Neste contexto, ninguém se preocupava em saber quem eram os Ciganos, embora claramente visados nos textos legais. A imagem estereotipada que lhes era associada era amplificada pelo legislador, que a utilizava como pretexto para o rigor da lei (Liégeois, 2001:37).

No século XX a Alemanha durante o regime nazi, foi a negação total dos Ciganos, levada à exterminação. Foram publicadas circulares, incluindo uma sobre a “luta contra o flagelo cigano”que referia as medidas efectuadas de combate aos Ciganos e as investigações biológico- raciais, a qual recomenda que se aborde a regulamentação da questão cigana do ponto de vista da raça” (Liégeois, 2001:37)

A política de exclusão irá transformar-se em política de reclusão, entendida como a integração, autoritária e geralmente violenta dos Ciganos na sociedade que os rodeia.
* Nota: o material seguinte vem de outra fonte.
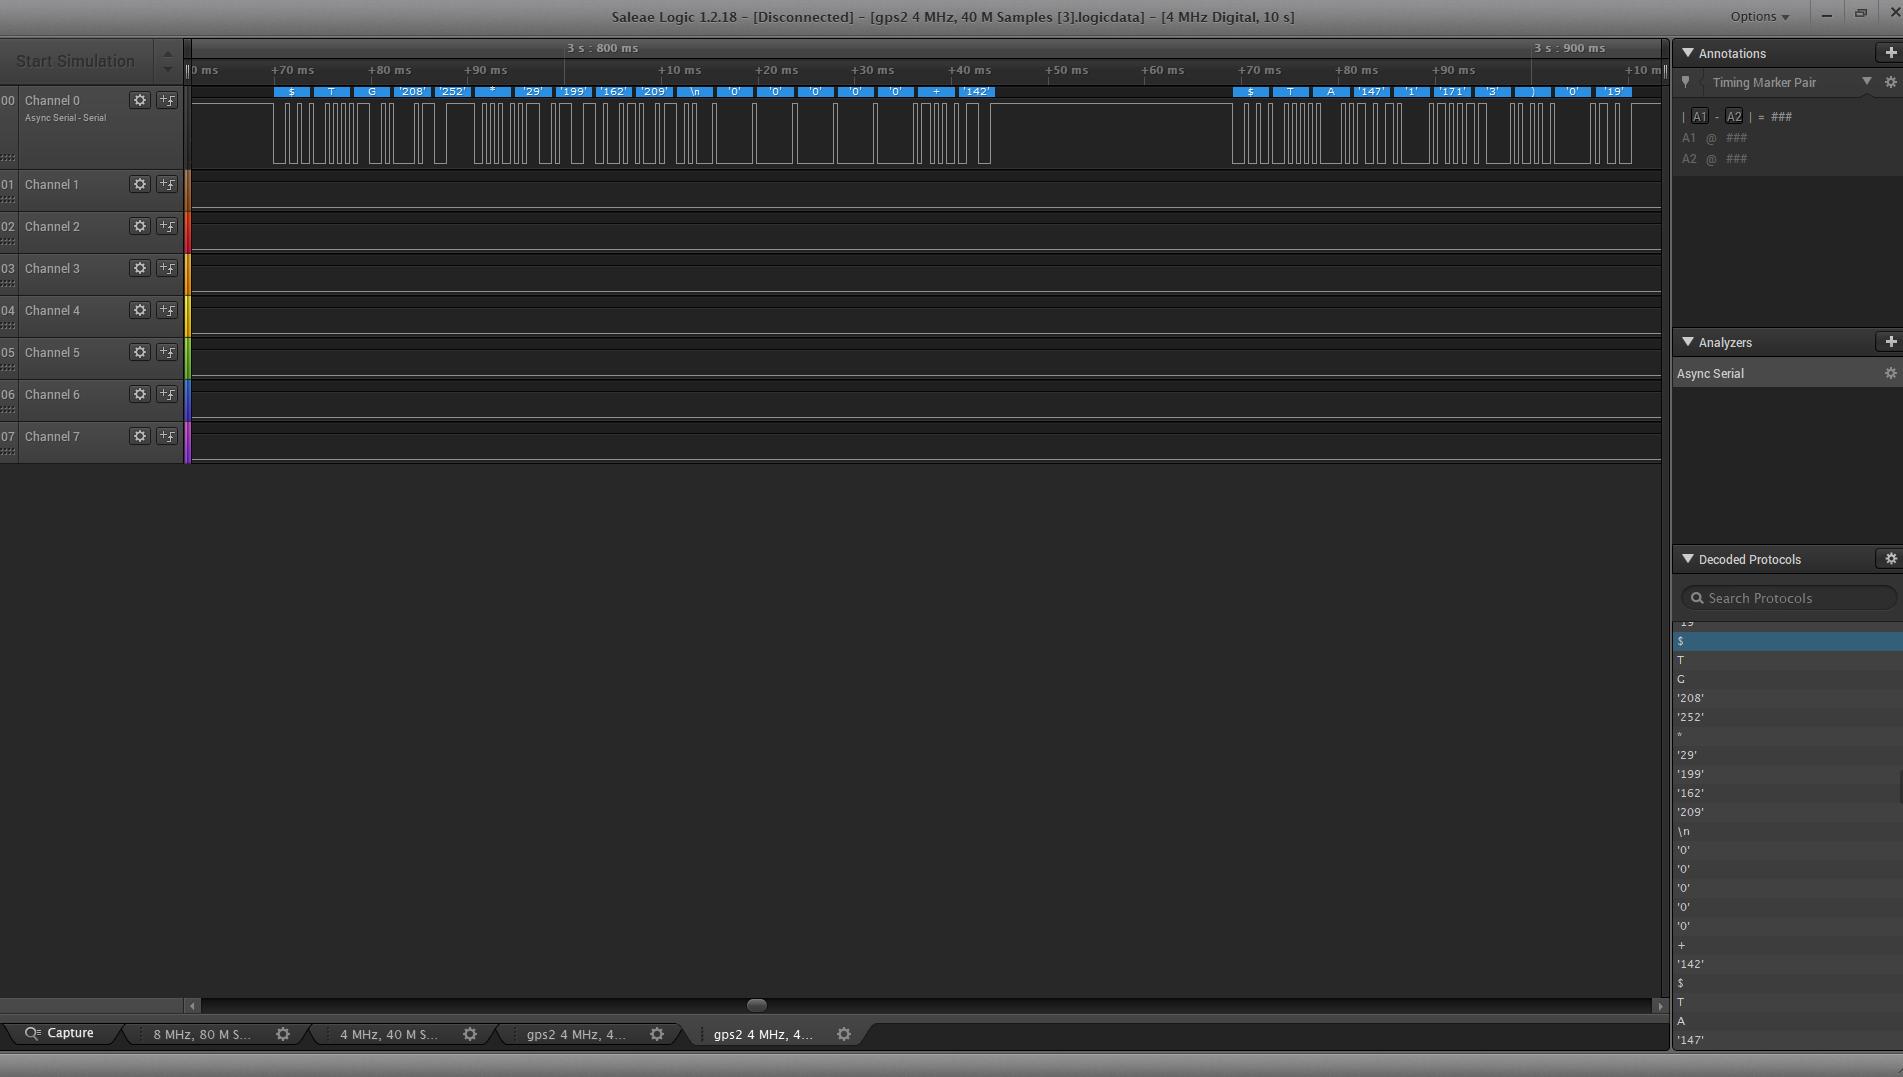 logic analyser screenshot - G and A frames

Ao longo dos anos e apesar de séculos de insistência, por exemplo na Espanha, a integração autoritária dos Ciganos revelou-se globalmente ineficaz por deficiente adaptação, por falta de realismo e de avaliação das dinâmicas sociais, designadamente da resistência dos Ciganos, e pela existência de sólidas dinâmicas sociais e culturais nos seus grupos (Liégeois, 2001).